Data -
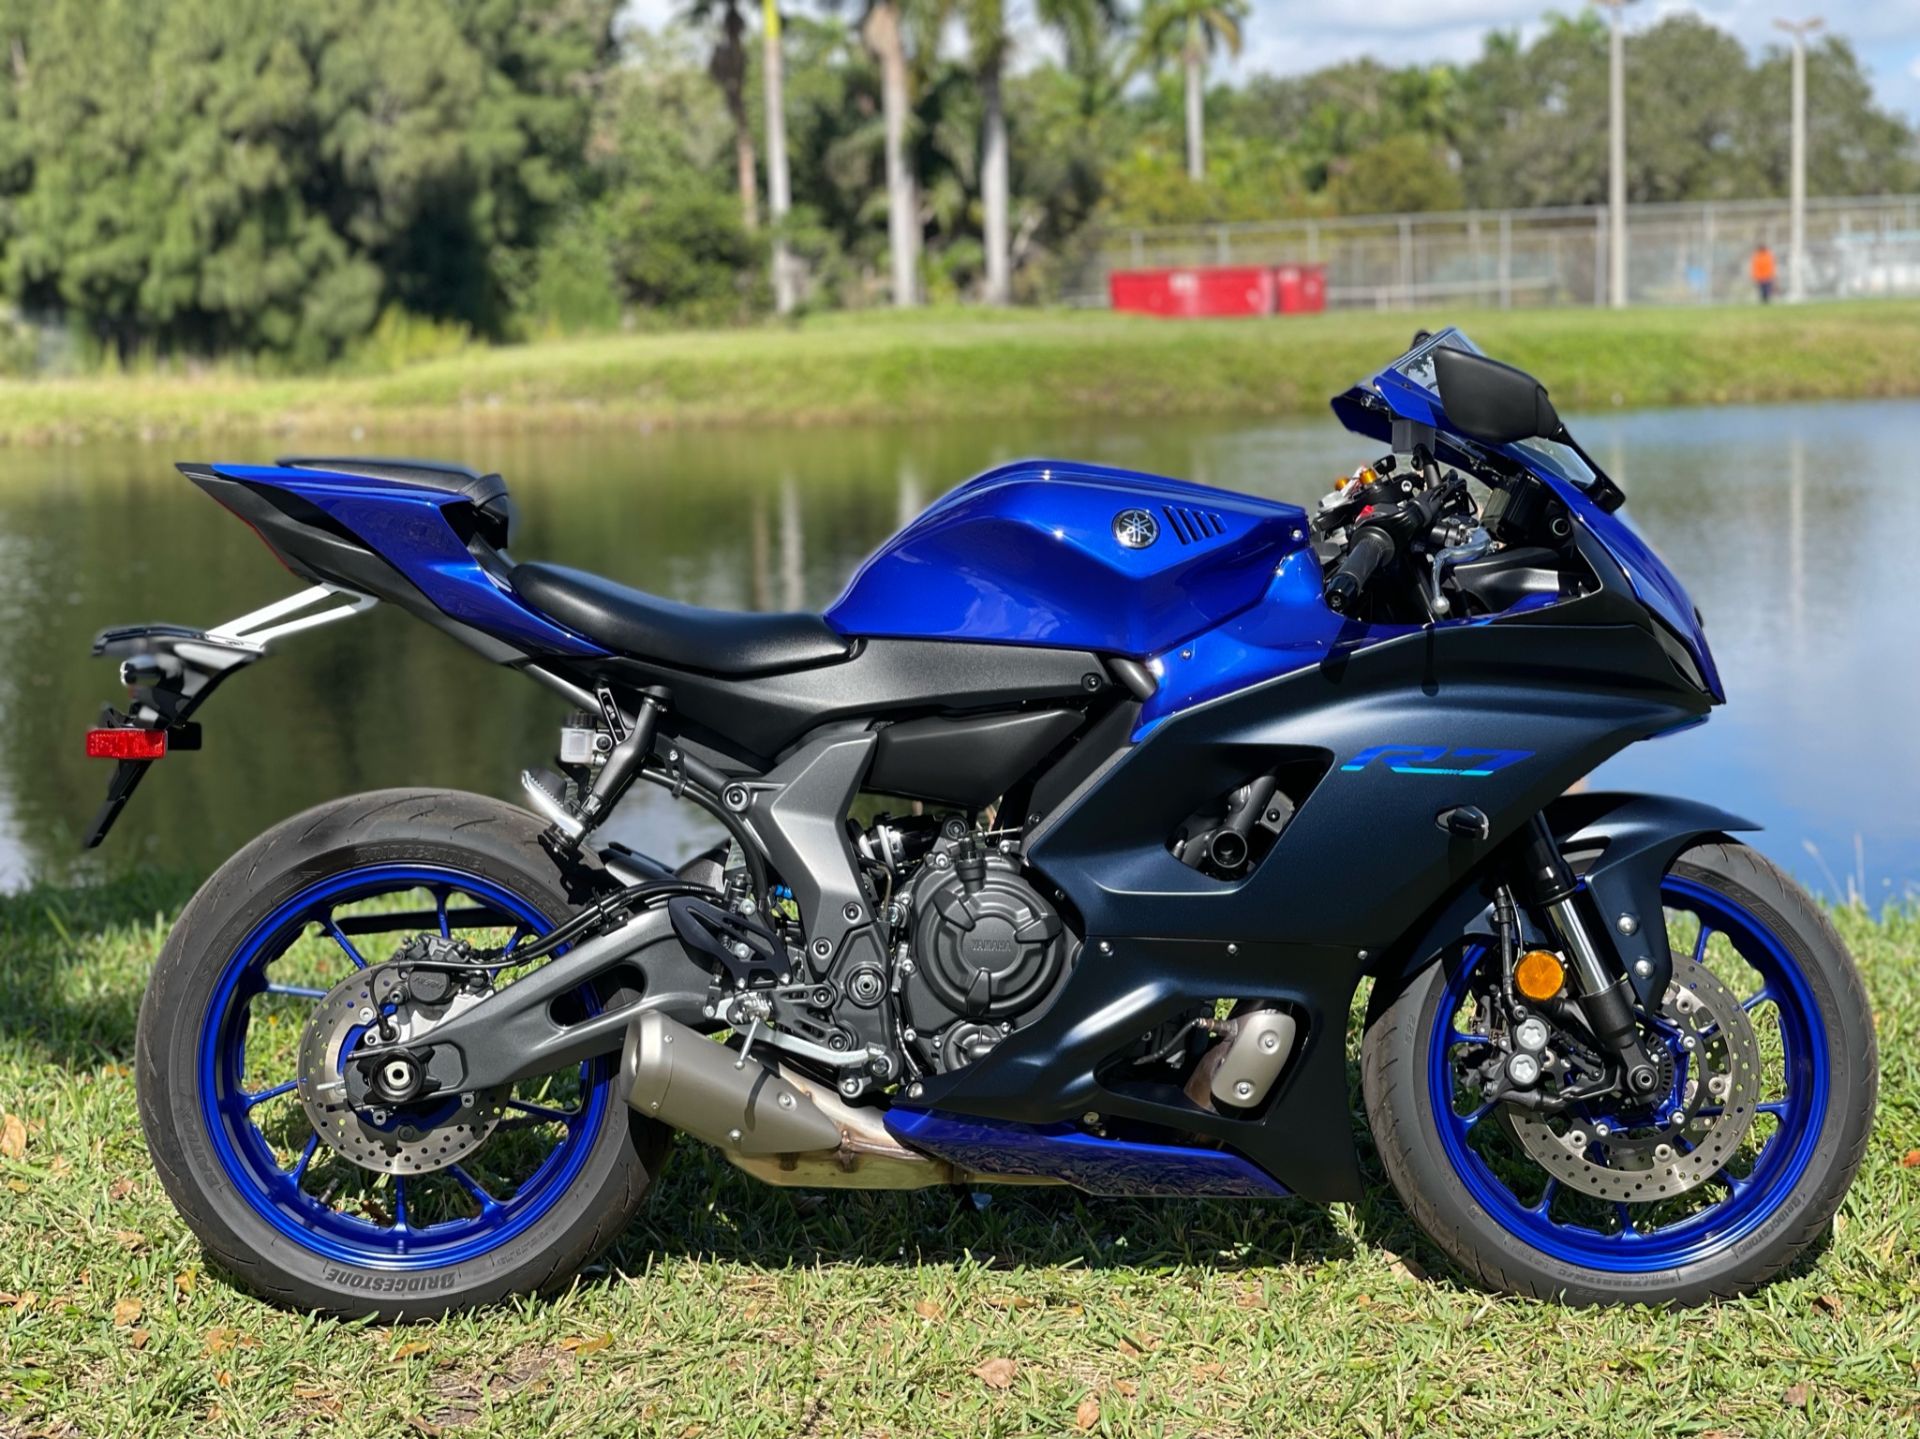 2022 Yamaha YZF-R7 in North Miami Beach, Florida - Photo 3
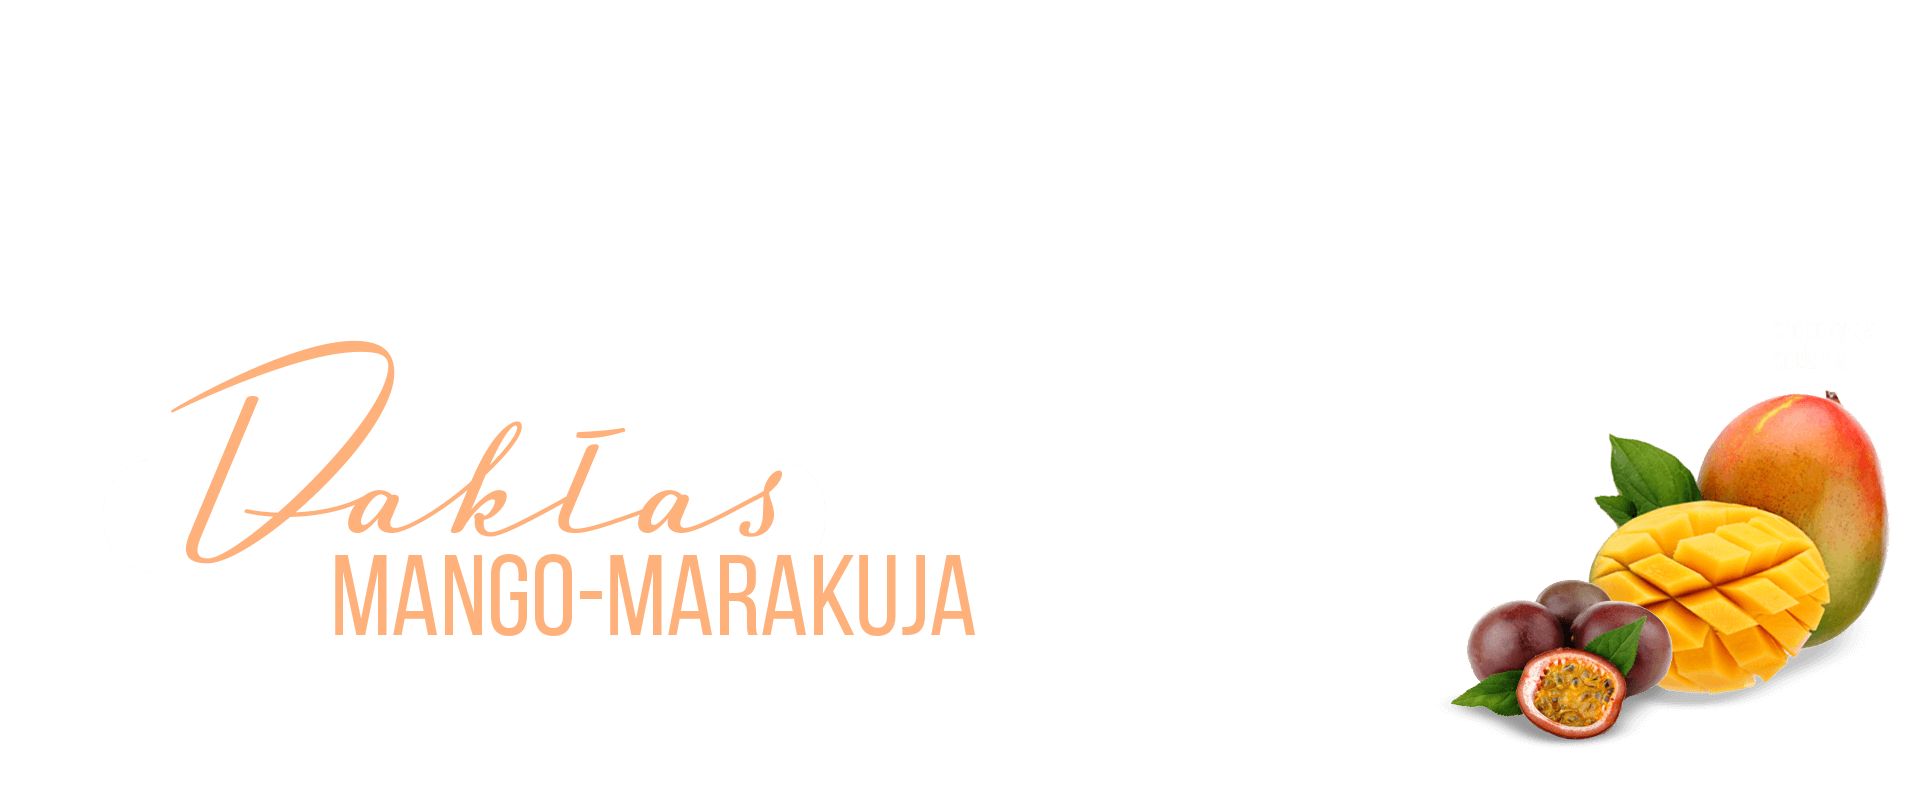 Dakłas mango-marakuja 2c
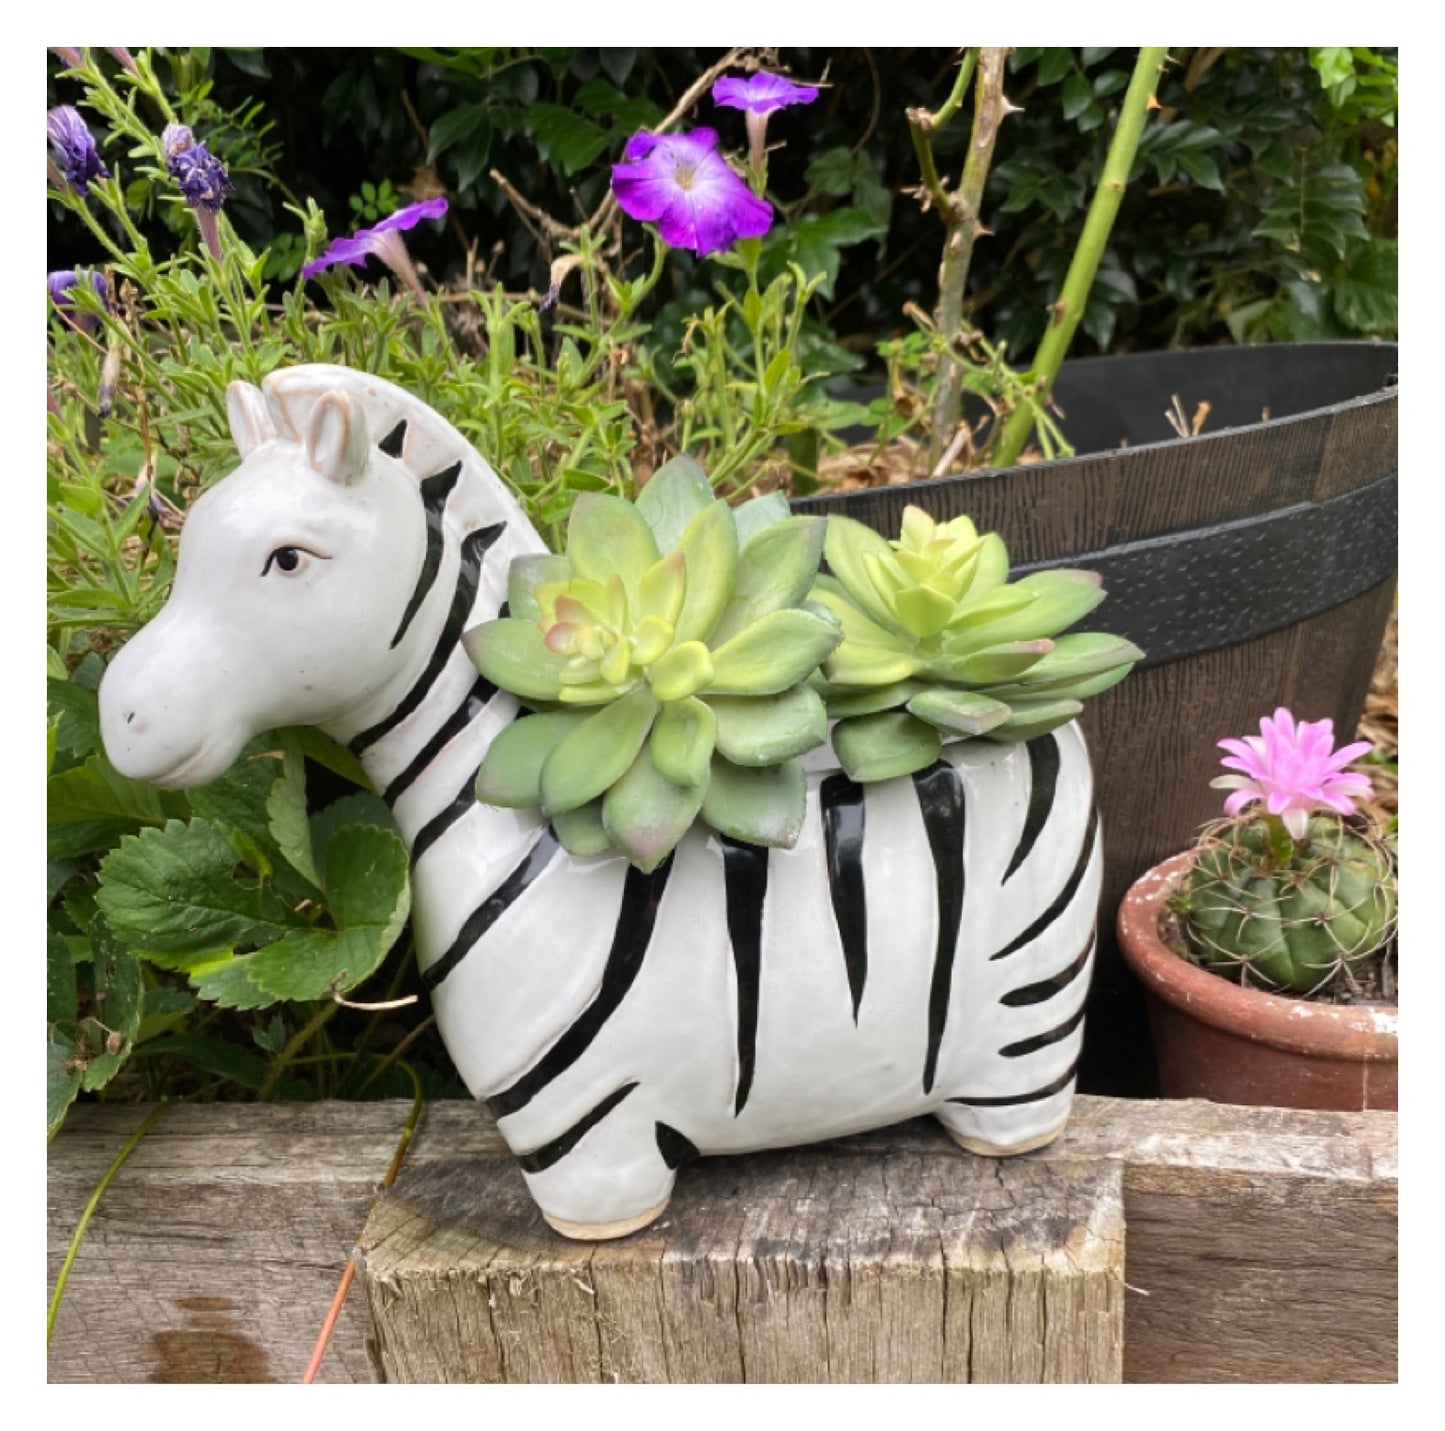 Zebra Leo Plant Pot Planter Garden - The Renmy Store Homewares & Gifts

What you are asked to do - Retype the data above exactly. Do not carry over any images.

Solution -
 2022 Yamaha YZF-R7 in North Miami Beach, Florida - Photo 3
 Dakłas mango-marakuja 2c
 Zebra Leo Plant Pot Planter Garden - The Renmy Store Homewares & Gifts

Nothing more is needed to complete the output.